Activity: How many lines in the records below hold the string "grünen"? Answer with the number alone.

──────── Records ────────

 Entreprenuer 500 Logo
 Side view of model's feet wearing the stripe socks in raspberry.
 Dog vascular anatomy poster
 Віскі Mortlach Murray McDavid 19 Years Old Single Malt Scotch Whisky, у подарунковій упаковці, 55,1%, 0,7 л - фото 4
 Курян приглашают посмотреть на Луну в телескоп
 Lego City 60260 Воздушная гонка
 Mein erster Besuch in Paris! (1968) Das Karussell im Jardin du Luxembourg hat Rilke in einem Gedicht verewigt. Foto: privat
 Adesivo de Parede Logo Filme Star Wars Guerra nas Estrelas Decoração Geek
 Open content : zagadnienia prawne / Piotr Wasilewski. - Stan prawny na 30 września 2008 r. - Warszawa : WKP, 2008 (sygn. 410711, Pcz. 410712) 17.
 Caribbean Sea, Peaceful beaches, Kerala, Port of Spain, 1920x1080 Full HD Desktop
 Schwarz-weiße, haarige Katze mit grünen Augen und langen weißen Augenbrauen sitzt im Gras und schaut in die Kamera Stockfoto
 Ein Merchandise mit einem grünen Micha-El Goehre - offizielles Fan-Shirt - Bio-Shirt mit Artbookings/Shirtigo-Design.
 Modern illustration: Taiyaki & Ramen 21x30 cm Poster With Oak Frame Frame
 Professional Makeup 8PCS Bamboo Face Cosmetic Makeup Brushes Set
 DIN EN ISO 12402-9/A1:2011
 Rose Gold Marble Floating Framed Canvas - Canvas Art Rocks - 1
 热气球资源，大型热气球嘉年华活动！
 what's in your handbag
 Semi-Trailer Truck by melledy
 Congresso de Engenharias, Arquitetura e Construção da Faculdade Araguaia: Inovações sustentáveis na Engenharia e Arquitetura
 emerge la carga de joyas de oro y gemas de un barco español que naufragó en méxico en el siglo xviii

────────

Expected output: 2